• [What you are asked to do] Would you repeat word for word the lines of the listing that follows, from the one with "Raport: nadal zbyt dużo ryb jest odławianych" up to and including the one with "La bandera de", and leave out the images?

• [The input]
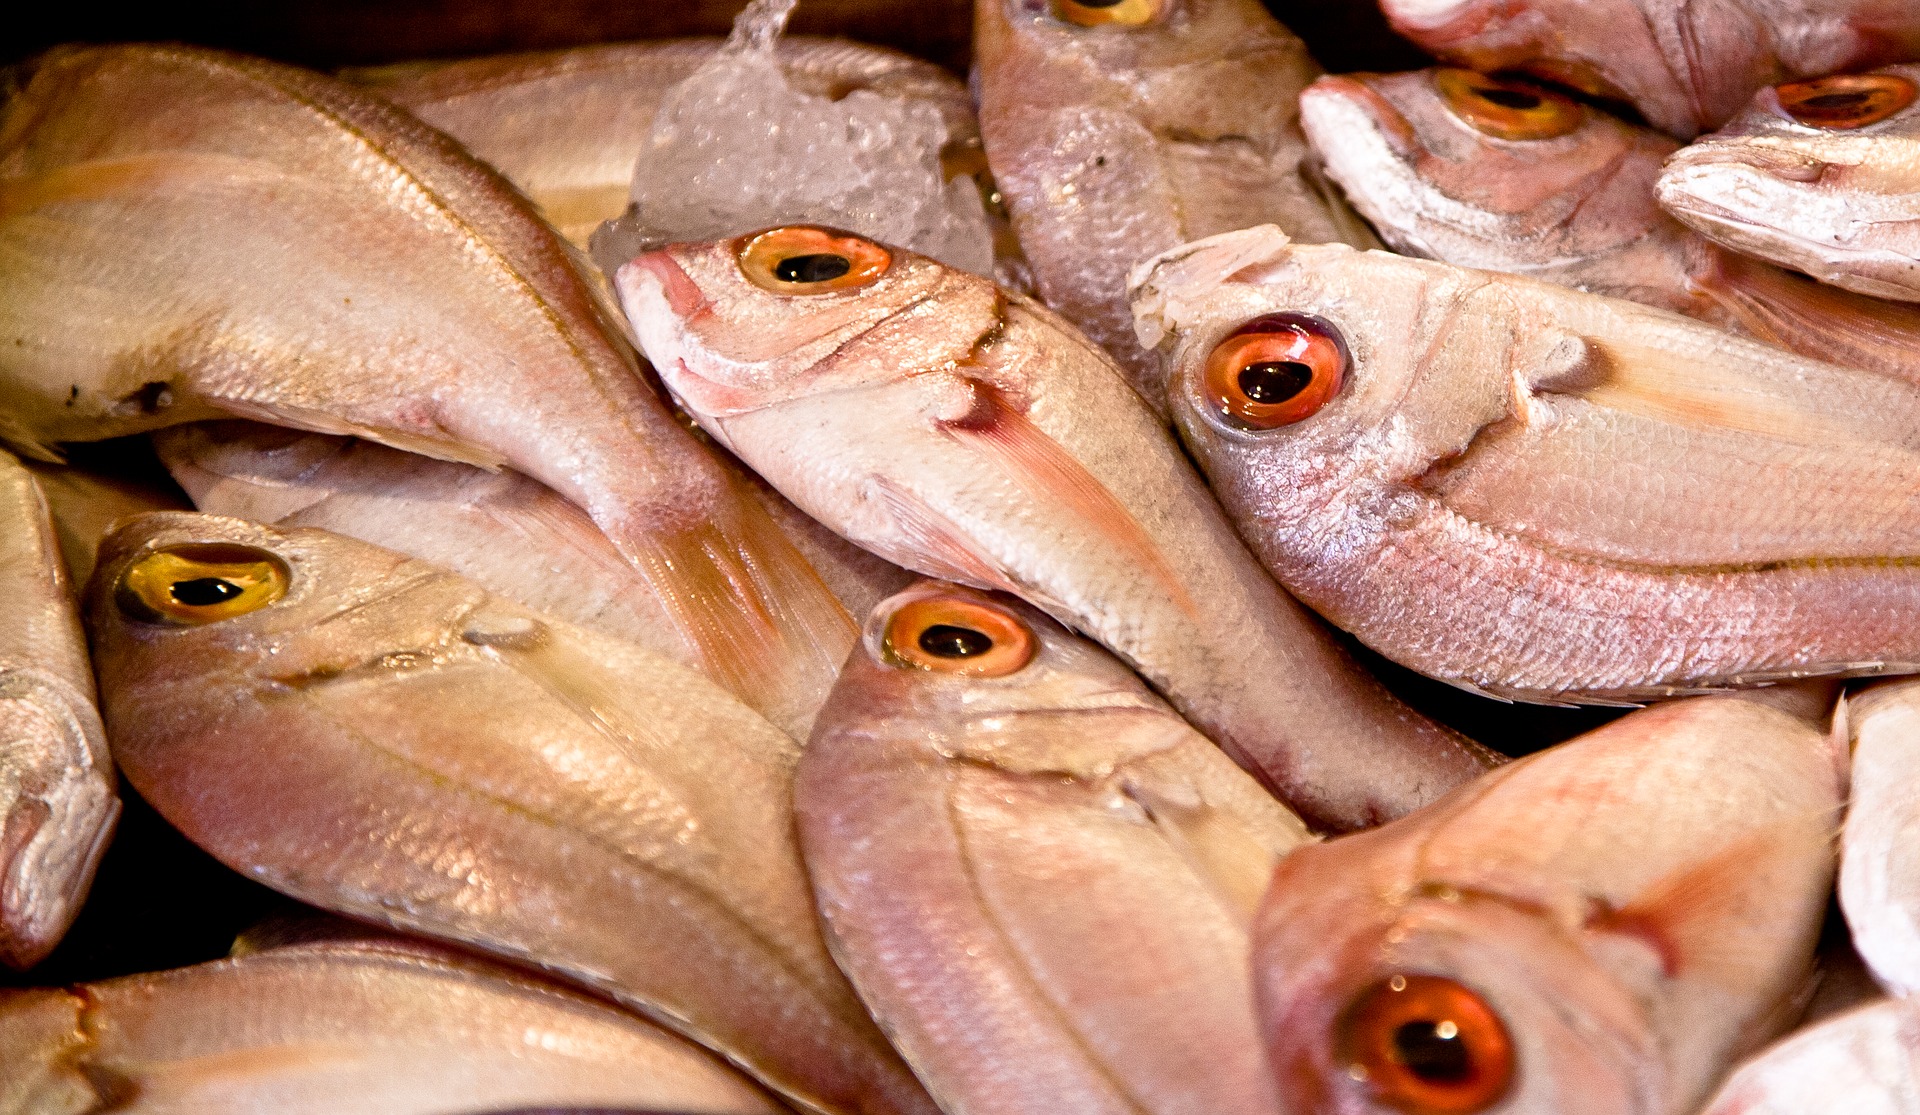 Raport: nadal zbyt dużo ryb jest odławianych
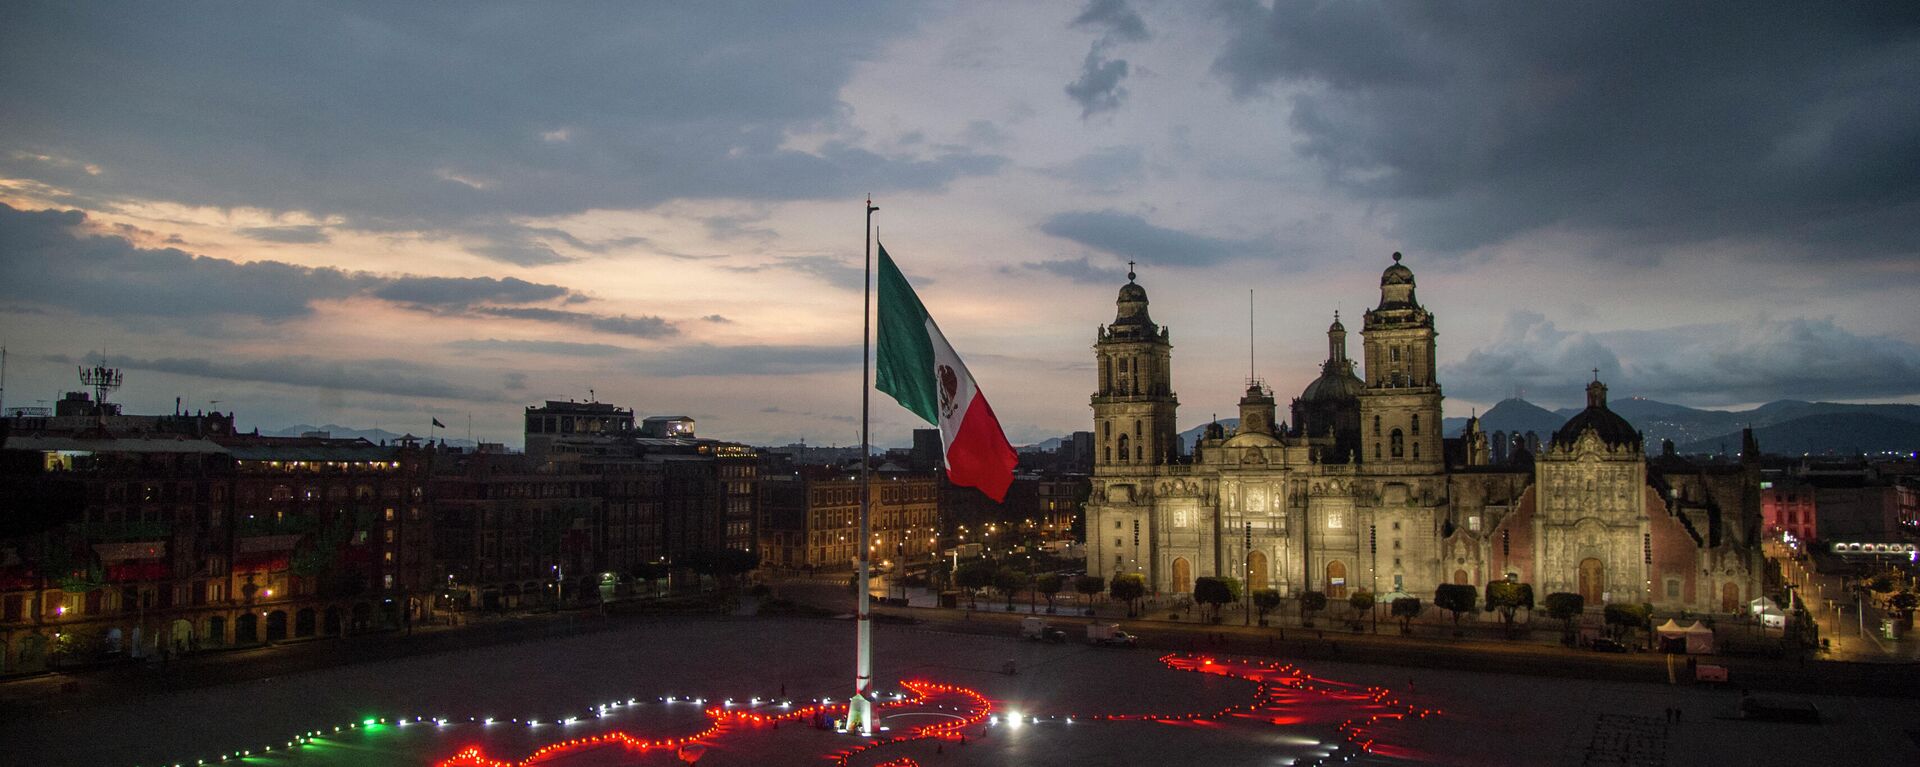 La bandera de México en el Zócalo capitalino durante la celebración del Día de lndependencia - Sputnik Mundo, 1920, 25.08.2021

==

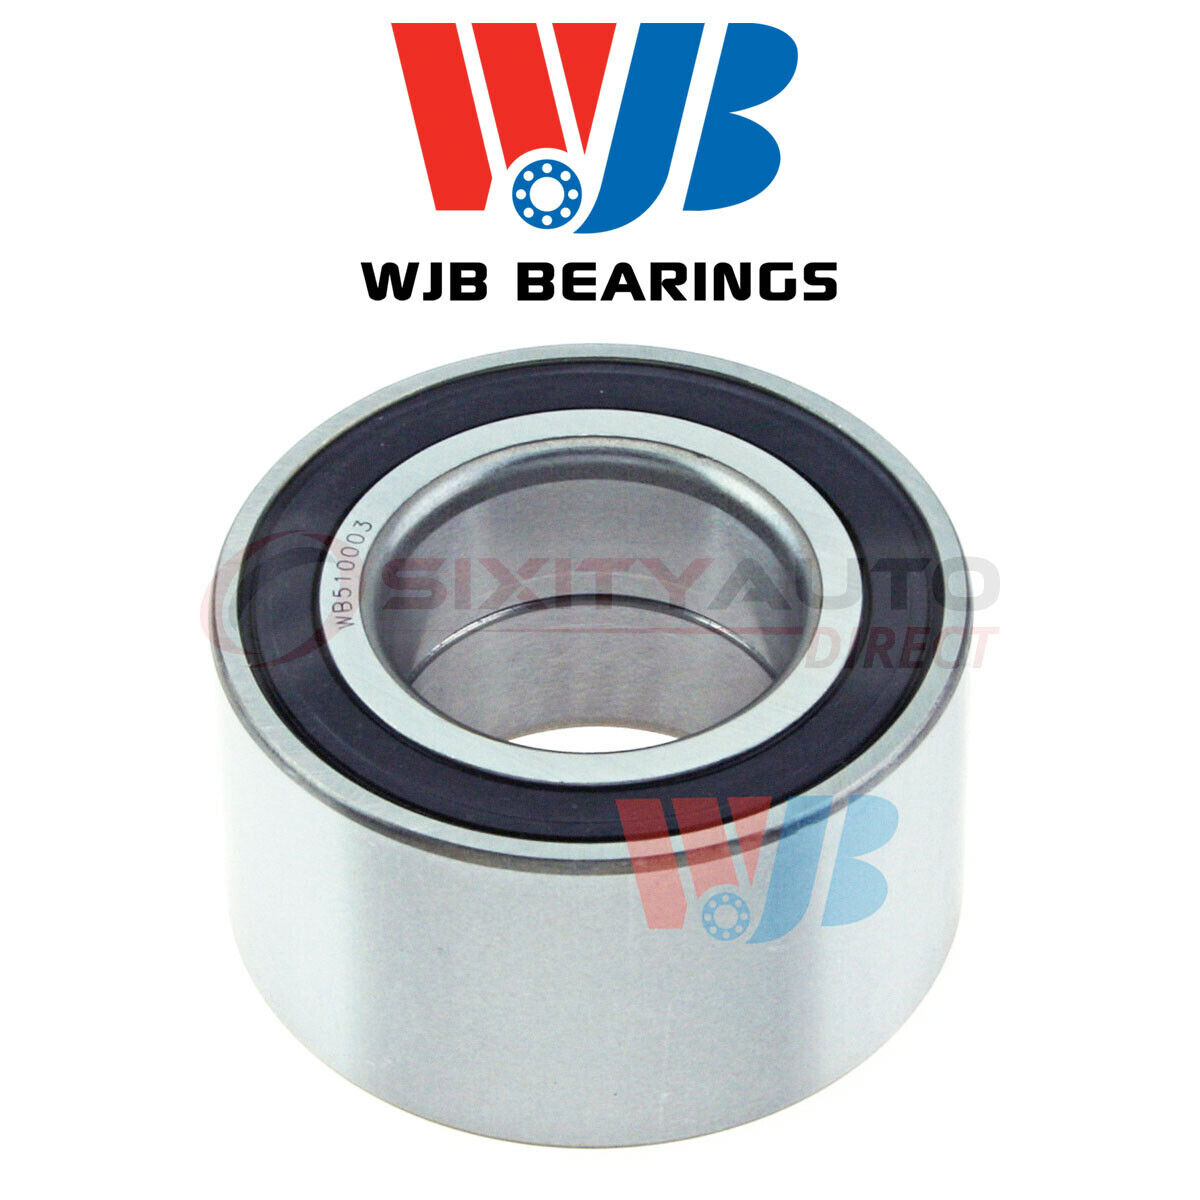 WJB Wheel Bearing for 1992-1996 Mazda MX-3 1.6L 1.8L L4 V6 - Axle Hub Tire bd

• [Output of the task]
 Raport: nadal zbyt dużo ryb jest odławianych
 La bandera de México en el Zócalo capitalino durante la celebración del Día de lndependencia - Sputnik Mundo, 1920, 25.08.2021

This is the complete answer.